Modeling The Spread of An Infectious Disease
A compartmental model simulates the spread of an infection through a host population that is divided into mutually exclusive compartments based on their infection status: e.g., Susceptible, Exposed, Infectious, Recovered, Vaccinated. Different types of compartmental models can be constructed, e.g., SI, SIS, SIR, SEIR, SIRV. Which compartments to include in the model depends upon the characteristics of the host-pathogen system being modeled and the purpose of the model.
The Susceptible-Infectious-Recovered model is also referred to as the SIR model – this is one of the most basic compartmental models of disease spread.
bl.ocks.org ›
Mechanistic Representation of Disease Spread
SIR and other compartmental models include explicit hypotheses of the biological mechanisms that drive infection dynamics and are therefore categorized as mechanistic models.
For example, the SIR model assumes a closed host population (fixed population size: no births, no deaths, no immigration, no emigration). Infection does not cause mortality and recovered individuals have lifelong immunity. Mixing in the population is homogeneous, i.e. all individuals in the population are assumed to have an equal probability of coming in contact with one another. The hosts are categorized based on their infection status: Susceptibles have had no exposure to the infection, Infectious are currently infected and are able to transmit the infection to susceptibles, and Recovereds have experienced the infection in the past and are currently immune.
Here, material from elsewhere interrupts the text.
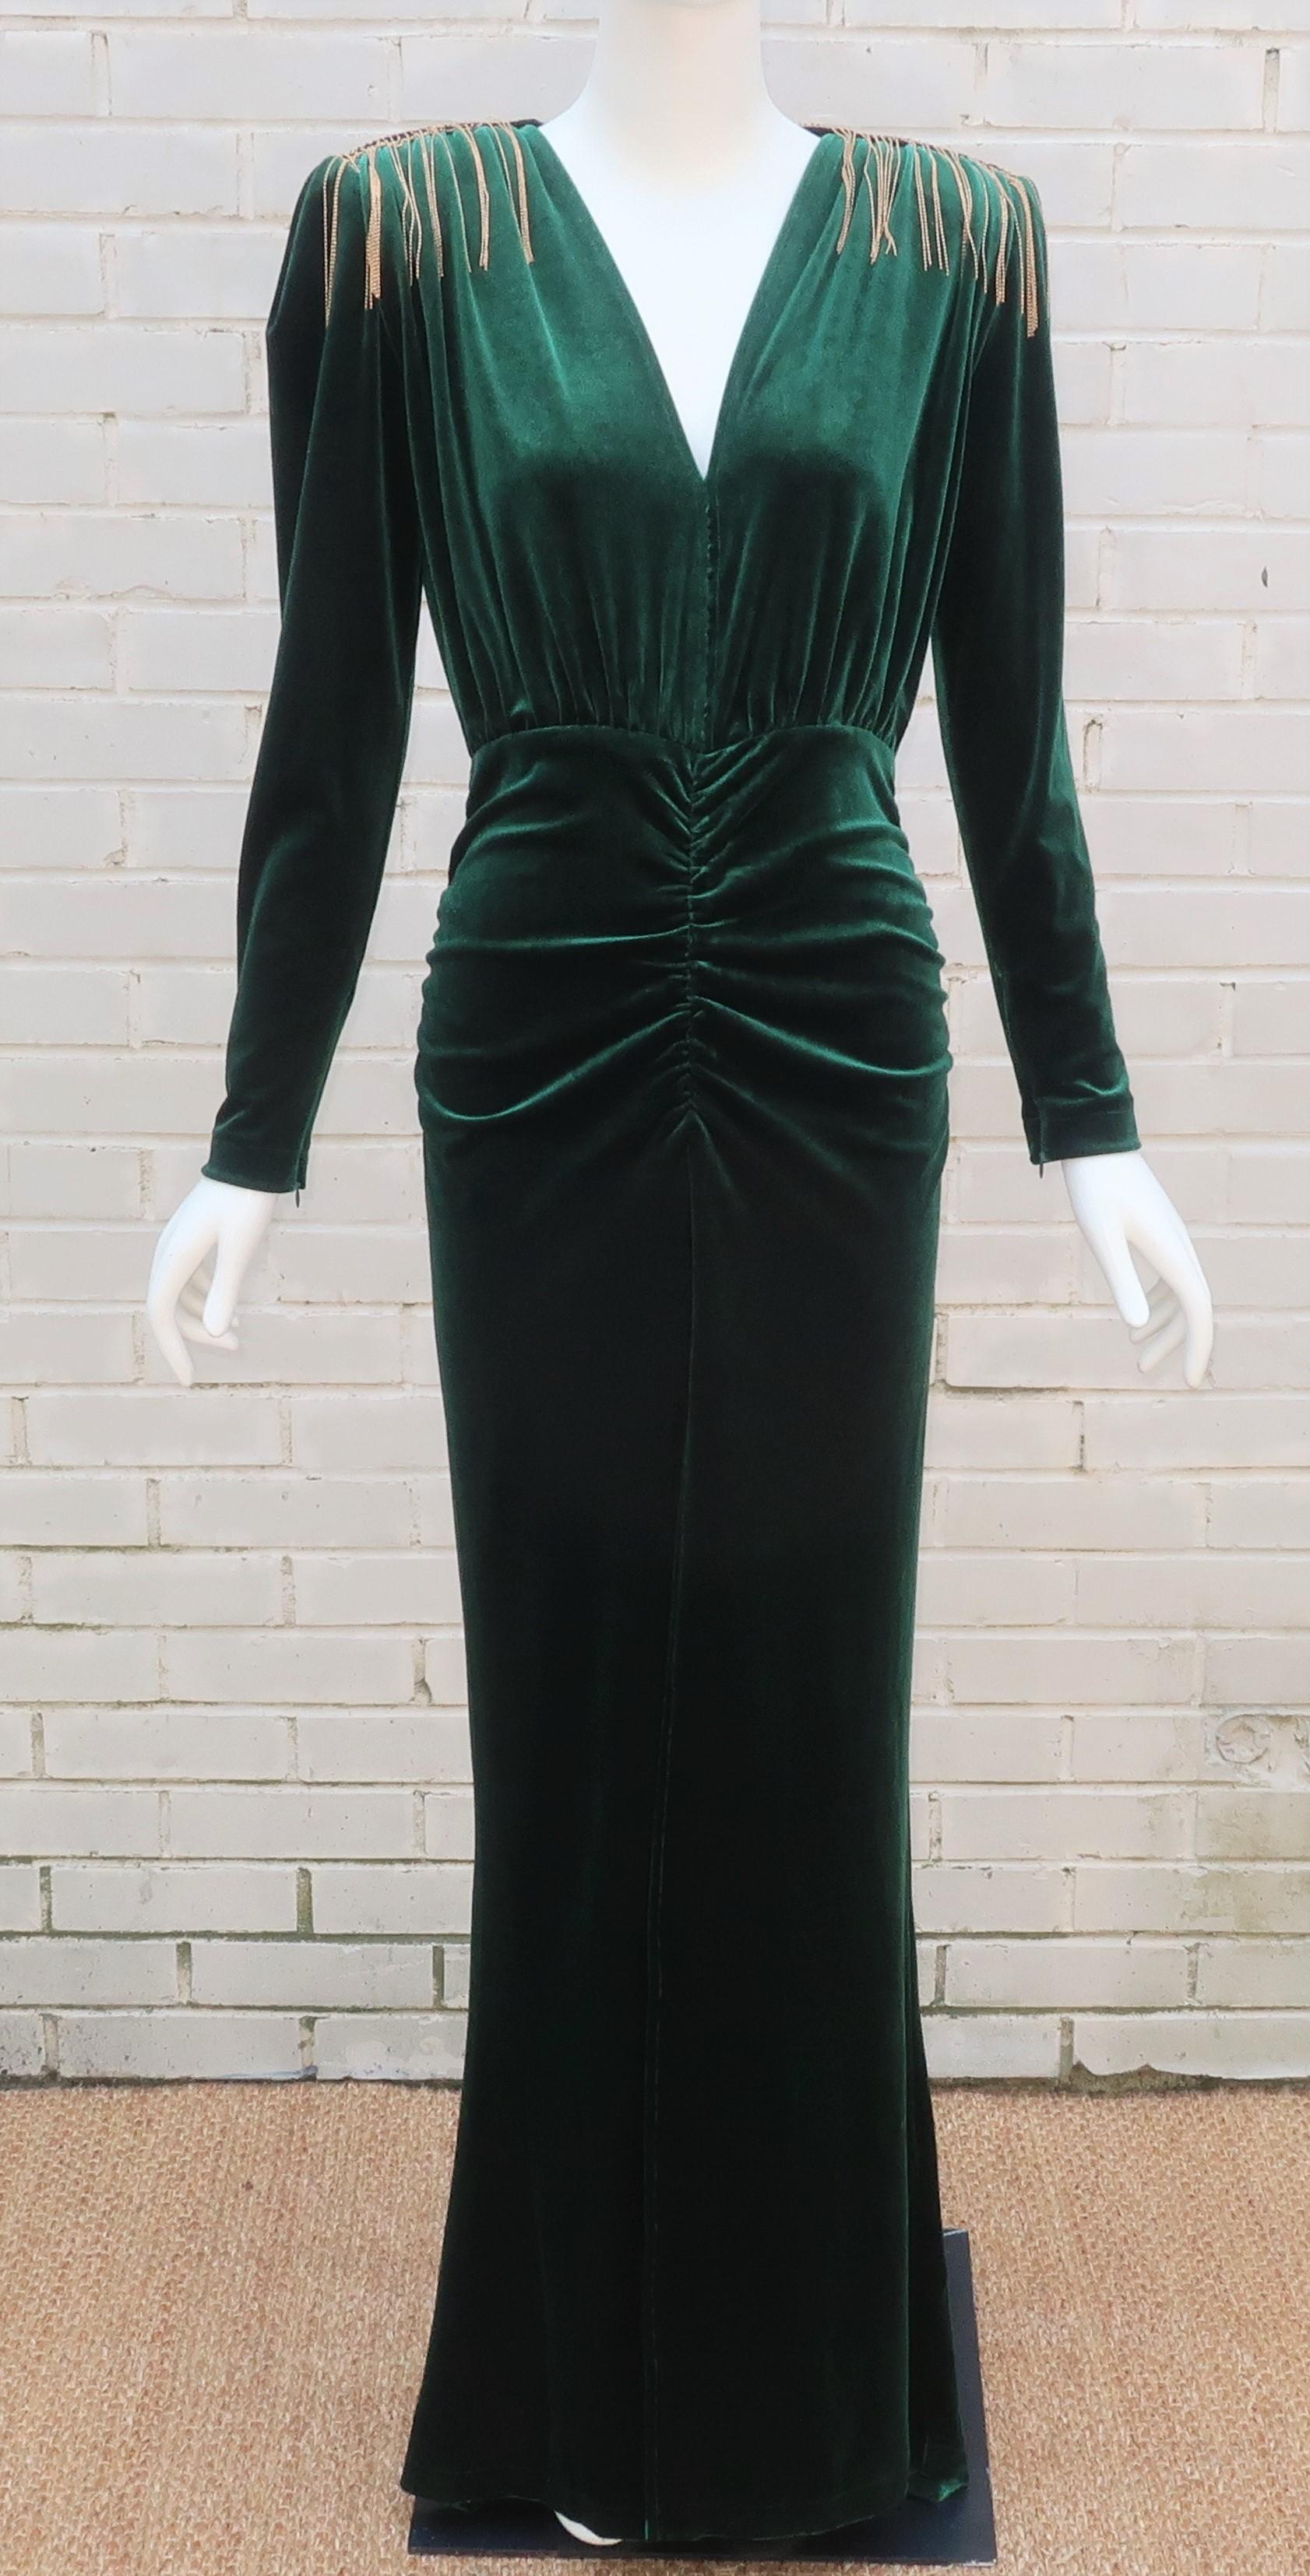 The Australian label, Bronx & Banco, channels an ultra glamorous Old Hollywood look with this dark green velvet maxi dress embellished with gold micro bead fringe at the shoulders.  The lush velvet fabric is a blend of viscose, silk and nylon which

Transmission of infection occurs when an infectious host comes in contact with a susceptible host. The susceptible host is then ‘infected’ and transfers to the infectious compartment. The infected host is assumed to be instantly infectious (i.e. able to pass on the infection to a susceptible individual) and remains in the infectious compartment for a period of time before progressing to the recovered (and non-infectious) compartment.
A system of ordinary differential equations represents the dynamic disease spread process. These equations are used to determine the number of hosts in each compartment at time t + 1 based on the number of hosts in each compartment at time t.
dS/dt = – βSI/N ……………………….. (1)
dI/dt = βSI/N – γI ……………………….. (2)
dR/dt = γI ……………………….. (3)
Here, S, I, and R represent the proportion of hosts in the susceptible, infectious, and recovered compartments, respectively. The population size, N, is fixed (S + I + R = N). The main focus in a SIR compartmental model is on the transfer between the three compartments. Two parameters determine the transition of hosts between the three compartments: transmission coefficient, β (also called transmission rate or effective contact rate), and recovery rate, γ.
Transmission Coefficient
β: The average rate at which an infected individual can infect a susceptible individual. It is the product of the contact rate (number of contacts with other individuals in the population per unit time) and the probability of transmission given a contact. Thus, β is a function of the transmissibility of the infection as well as the average number of contacts per individual host.
Note: Direct measurement of β is impossible for most infections, so its value is estimated after determining the force of infection(see next unit), which can be deduced directly or indirectly from epidemiological data ○.
Recovery Rate
γ: The average rate at which infected individuals recover from infection. This is the inverse of the infectious period (1/infectious period) or the average duration a host remains infected (and infectious). For example, measles has an infectious period of 8 days, so the recovery rate is calculated as 1/8 or 0.125/day.
The ratio of these two parameters, β/ γ, is known as the basic reproduction number or R0 (R nought).